Obschon es bisher keinen Nachweis zur Präsenz des Wolfes in Luxemburg gibt, hat die Regierung am Donnerstag ihren angekündigten Aktions- und Managementplan zum Umgang mit Wölfen in Luxemburg vorgestellt.

Staatssekretär Camille Gira bezeichnete den Plan als Instrument, das es in Zukunft erlauben werde, einen realistischen und ökologischen Umgang mit dem Wolf zu pflegen und gleichzeitig den Bedenken von Viehhaltern und der breiten Bevölkerung Rechnung zu tragen: "Jedes Tier hat im Ökosystem eine Rolle und wir sollten nicht wie es in der Vergangenheit oft der Fall war, einen anthropozentrischen Blick auf die Problematik werfen. Gerade beim Wolf basiert unsere Einstellung oft nicht auf objektiven Informationen, sondern auf Emotionen, Kindheitsgeschichten oder Märchen".

Der neue Plan enthält sowohl allgemeine Informationen über das Raubtier, als auch Ratschläge für Privatleute und Viehzüchter. Neben der rund 50-seitigen kompletten Fassung des Managementplans, der in Form des technischen Berichts Nummer 5 der Natur- und Forstverwaltung erscheint, gibt es auch eine zusammenfassende Broschüre für das allgemeine Publikum. Diese ist kostenlos unter der Telefonnummer 402201-1 erhältlich.

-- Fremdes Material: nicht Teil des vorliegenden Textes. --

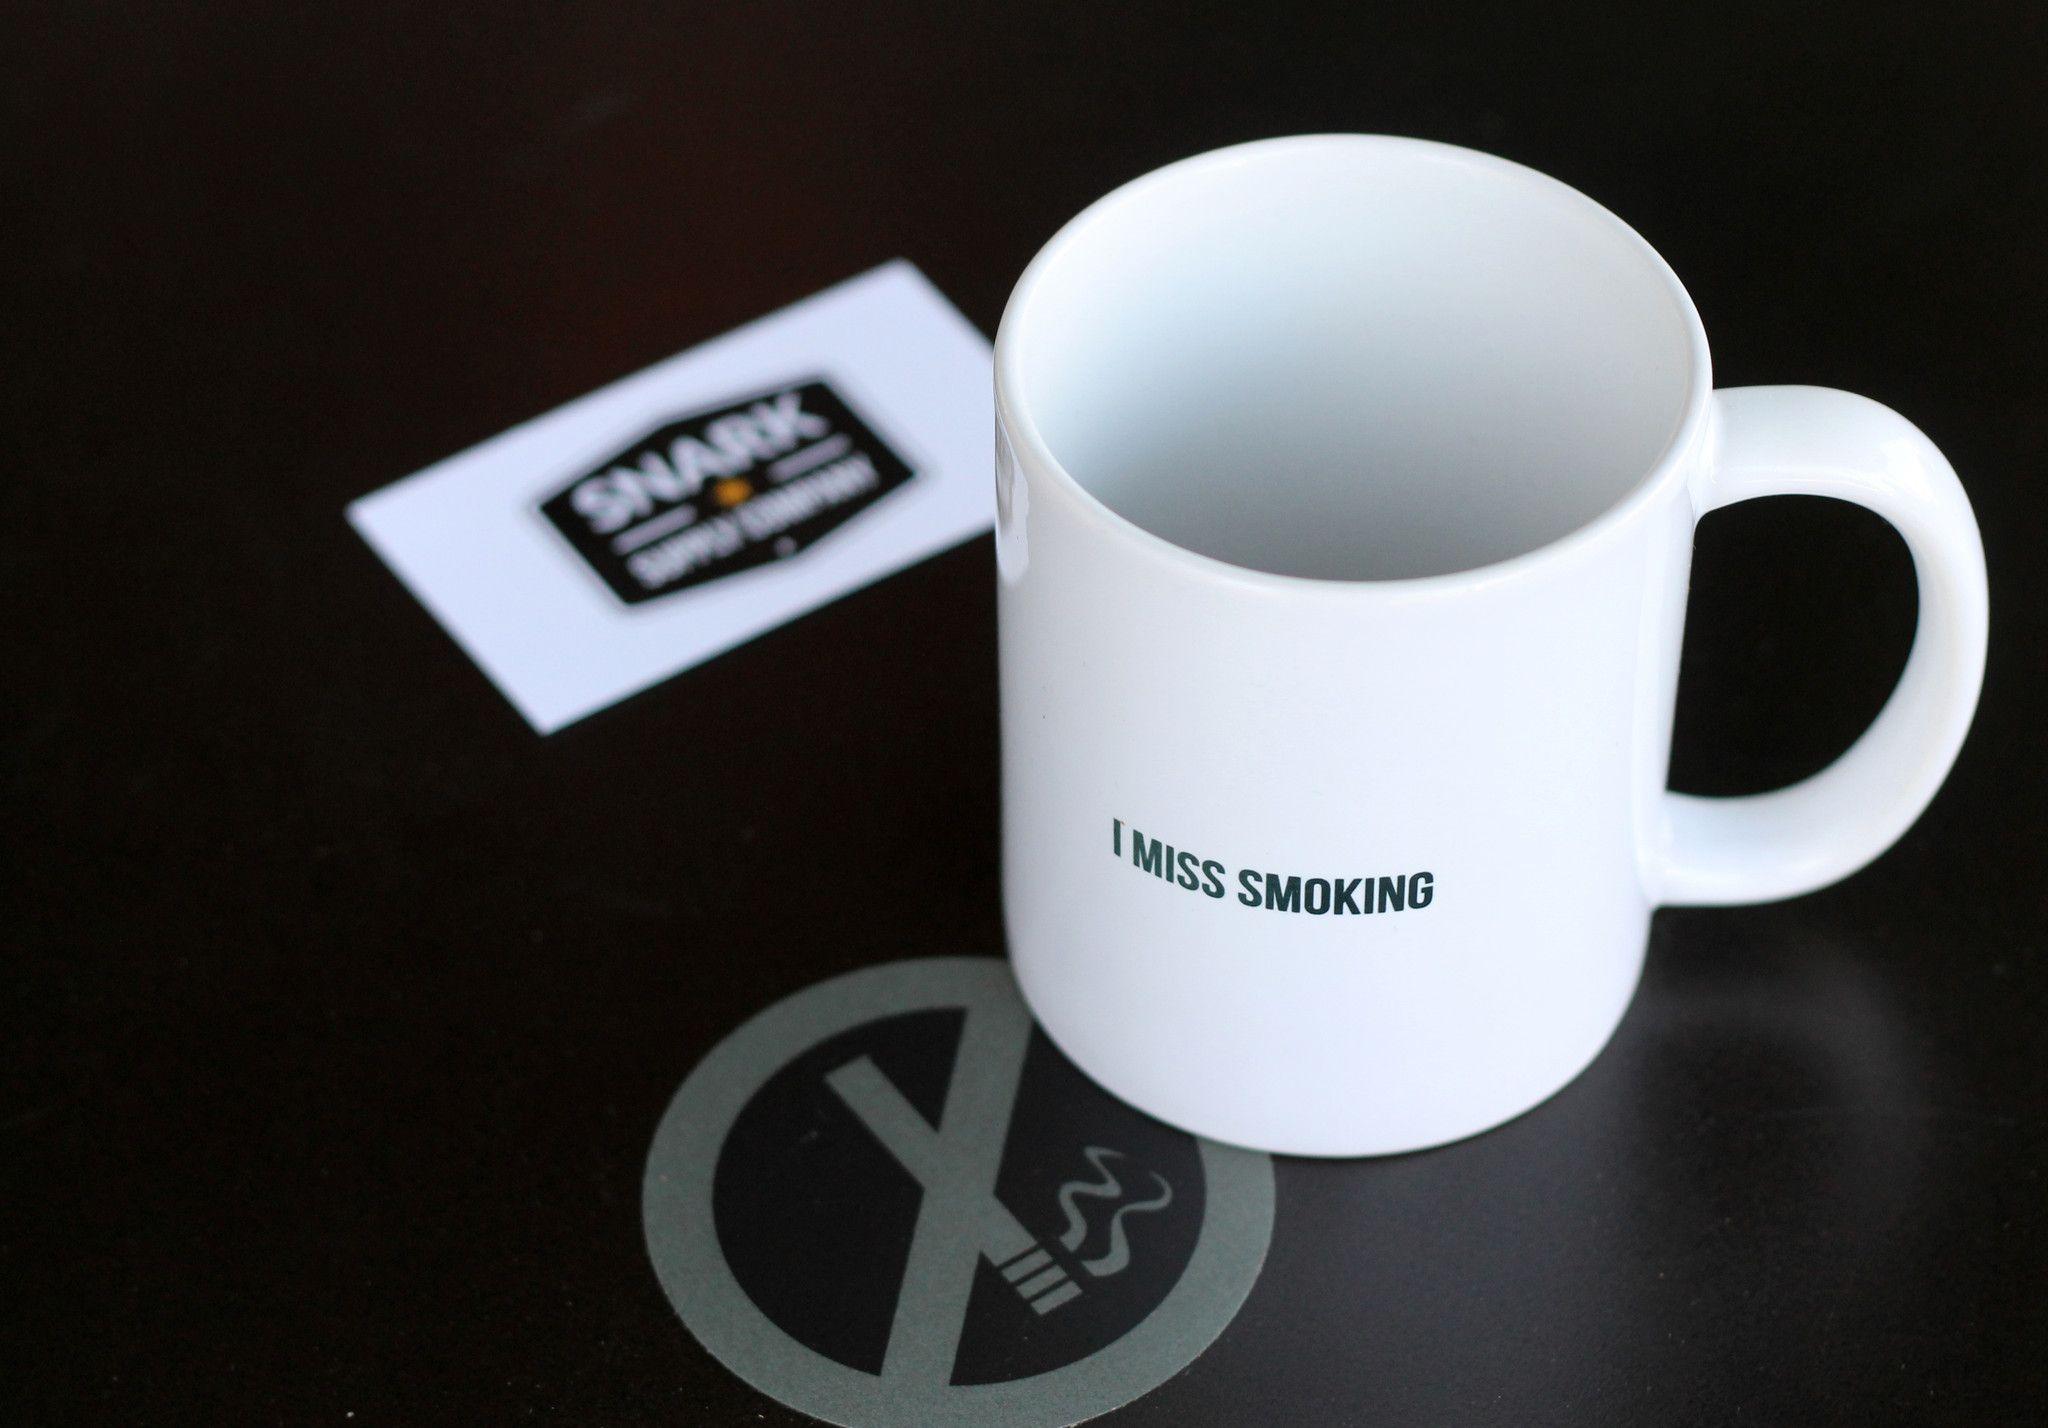 I Miss Smoking - Mug Shot – Snark Supply Co.

In dem Plan sind die Details zur staatlichen Subventionierung von Schutzmaßnahmen sowie die Entschädigungsprozedur bei gerissenen Nutztieren enthalten. Der stellvertretende Direktor der Natur- und Forstverwaltung Laurent Schley sagte, Übergriffe auf Schafs- und Ziegenherden seien als potenzielles Hauptproblem anzusehen, falls der Wolf sich eines Tages in Luxemburg niederlassen sollte. 

Schutzzäune und Entschädigungen

Schutzmaßnahmen in Form eines speziellen Zauns werden für haupt- oder nebenberufliche Halter von Schafen oder Ziegen zu 75 Prozent vom Staat übernommen. Allerdings nur, sobald in einem innerhalb eines Jahres und im Umkreis von zehn Kilometern um die Weide die Präsenz eines Wolfes zweifelsfrei nachgewiesen wurde. Eine Ex-post Förderung von Zäunen, die vor dem Nachweis errichtet wurden, ist dabei nicht möglich.

Herdenschutzhunde werden nur in Ausnahmefällen subventioniert, eben so der Schutz von Mutterkuhherden - der Grund dafür ist, dass solche Maßnahmen nur in bestimmten Fällen effektiv sind

Bei gerissenen Tieren erstattet der Staat 100 Prozent des Schadens, allerdings nur, wenn eindeutig nachgewiesen wird, dass das Tier einem Wolf zum Opfer fiel. Dieser Nachweis wird anhand einer Untersuchung durch die zuständige Verwaltung erbracht, die innerhalb von zwei Tagen erfolgen muss, da ansonsten eventuelle DNS-Spuren des Raubtiers nicht mehr brauchbar sein könnten.

Die Subventionen und Entschädigungen sollen in Zukunft im Naturschutzgesetz verankert werden. Dass es derzeit keine legale Basis gebe, sei in der Praxis jedoch kein Problem, so Camille Gira: "Wir haben auch schon in der Vergangenheit Schäden von Viehaltern unbürokratisch übernommen, wenn dies legitim war".

Sowohl der gesamte Plan wie auch die Broschüre sind bei der Natur- und Forstverwaltung in Papierform oder als digitale Dokumente erhältlich. In Luxemburg gibt es rund 300 Schaf- und Ziegenhalter, die meist nur wenige Tiere halten. Lediglich drei bis vier Betriebe leben hierzulande ausschließlich von der Schafzucht.